Framedragger: phf: ah, but i meant the initial rendering phase - the 'archive this plz' process itself. but thanks for clarifying yeah
asciilifeform: (today it calls load_party_line_from_washinton() and it gets one thing; tomorrow -- another)
asciilifeform: i.e. a js-containing turdball is not self-contained
asciilifeform: and not merely from the 'js 0day' pov !!
phf: Framedragger: yes, archive.is is a headless webkit. it loads the page with all the resources, it lets the javascript run until the DOM is in some "final" state, it snapshots the DOM. at this point you no longer need javascript to further render page ☟︎
mircea_popescu: ben_vulpes it's not measurably bad. theoretically it weakens the problem of "spend somone else's inputs".

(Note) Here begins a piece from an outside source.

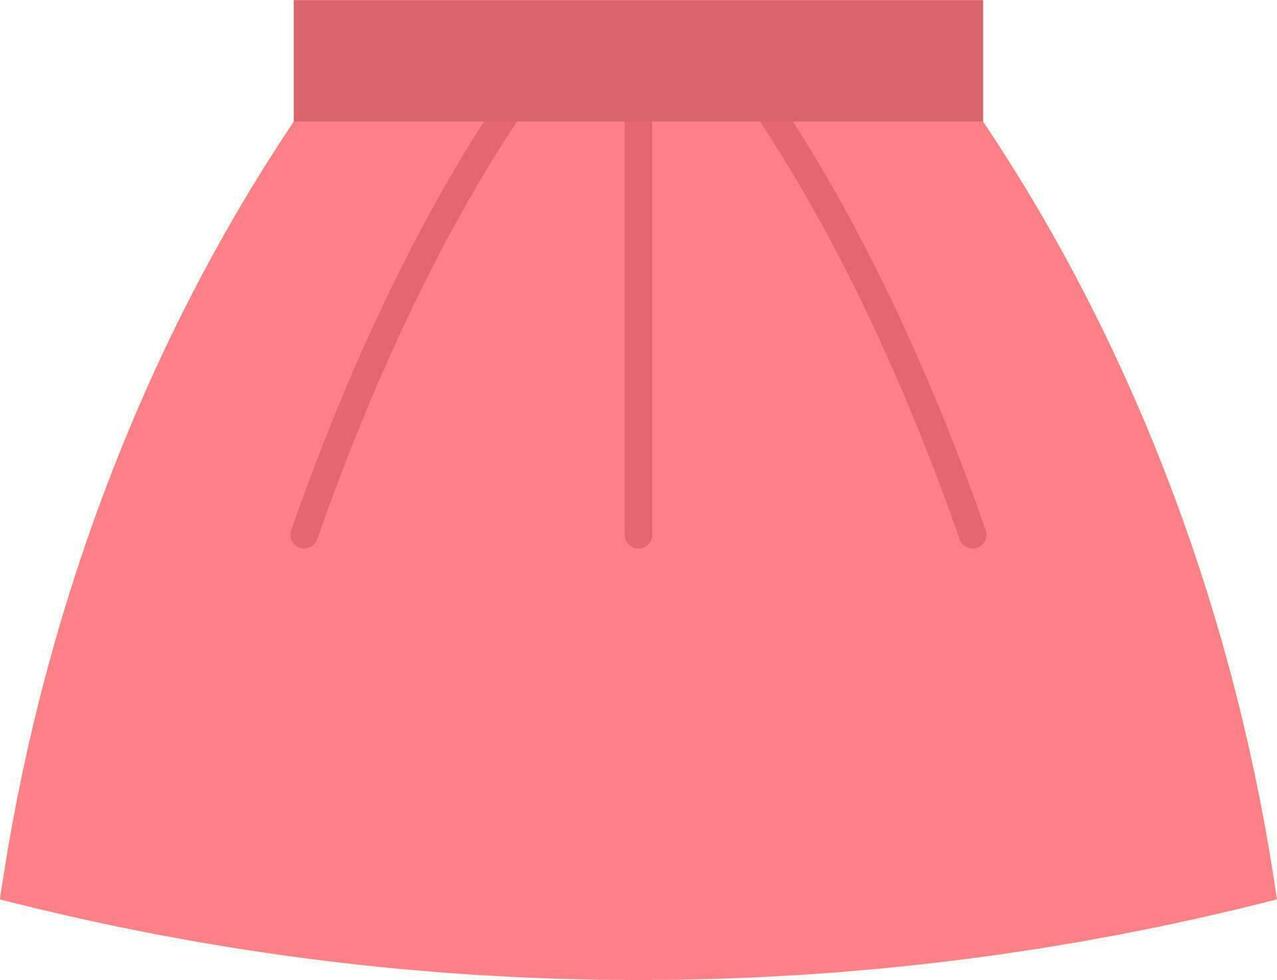 Skirt icon vector image. Suitable for mobile apps, web apps and print media.

asciilifeform: i don't actually know of a sane way to do this job. which is why i have not ever attempted to do it.
asciilifeform: this would solve the 'blocked ip' problem. but at the same time introduce new ones.
asciilifeform: which l1 folx can then sign and upload.

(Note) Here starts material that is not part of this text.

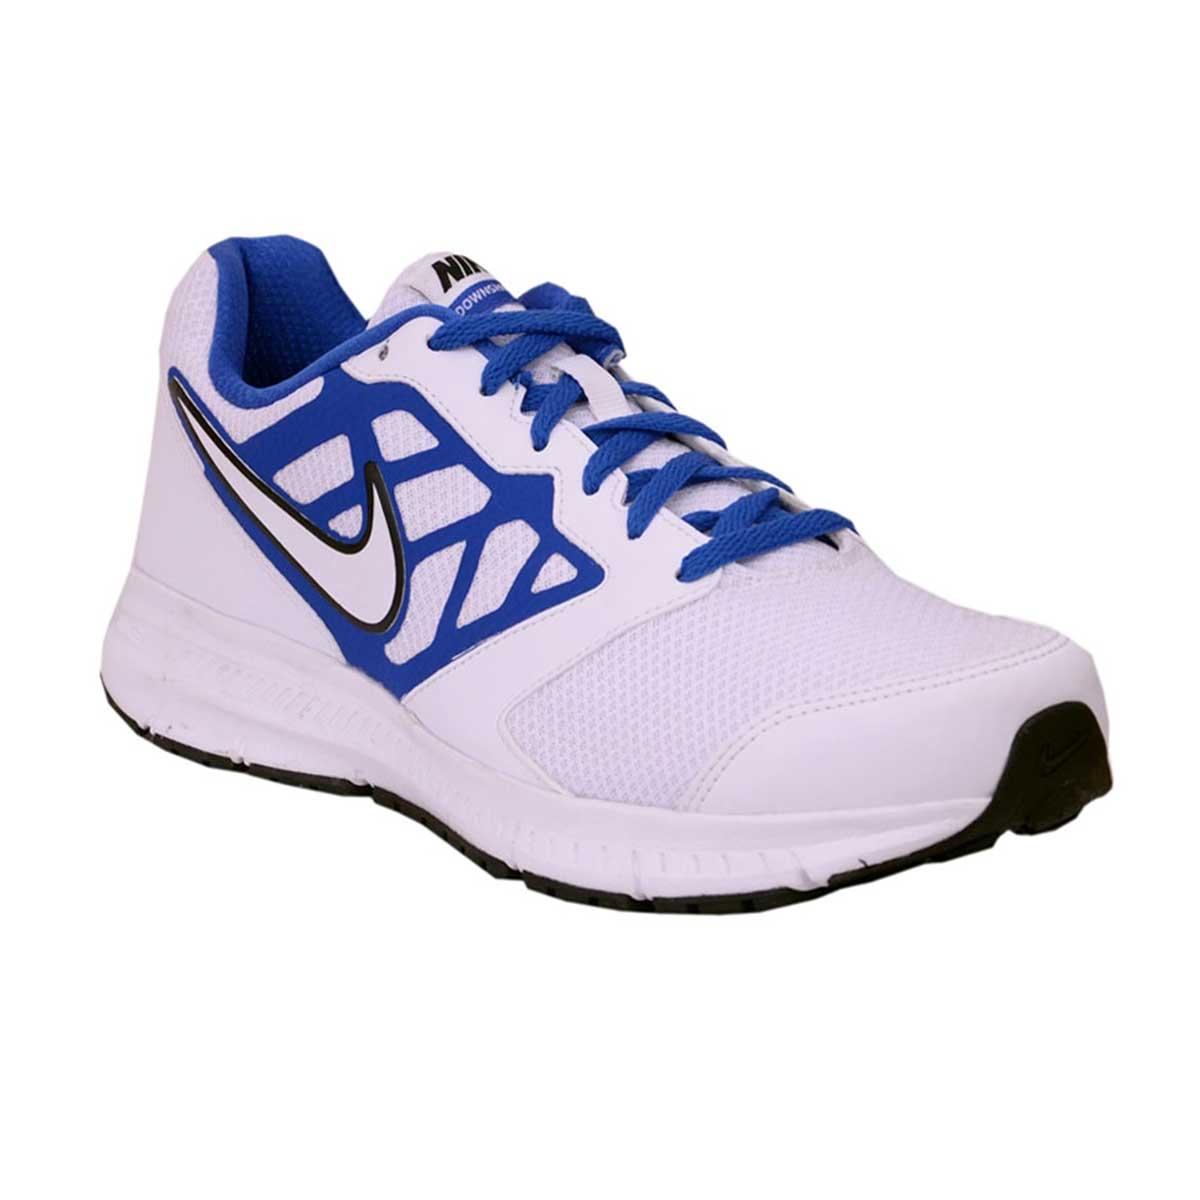 Nike Downshifter 6 Running Shoes (White/Blue) Online India

phf: Framedragger: you don't have to expose the user to js with archive.is approach
asciilifeform: Framedragger: imho a more reasonable thing would be a command line thing, a kind of augmented curl, that yields a tarball
Framedragger: so, if tmsr were to have its own archiver, i don't think archive.is' approach is the way to go, even though it is (arguably, maybe) the most 'reliable' / 'true' (actual js rendering in browser). exposing user to JS defeats half its purpose. imho.
phf: also, these days you have js packing frameworks (like browserify) doing frontend on-demand js loads, which means that ~browser~ doesn't know when page load is complete. you get "lightweight" pages, that don't actually have anything until 8mb of javascript gets its shit together.
Framedragger: but this web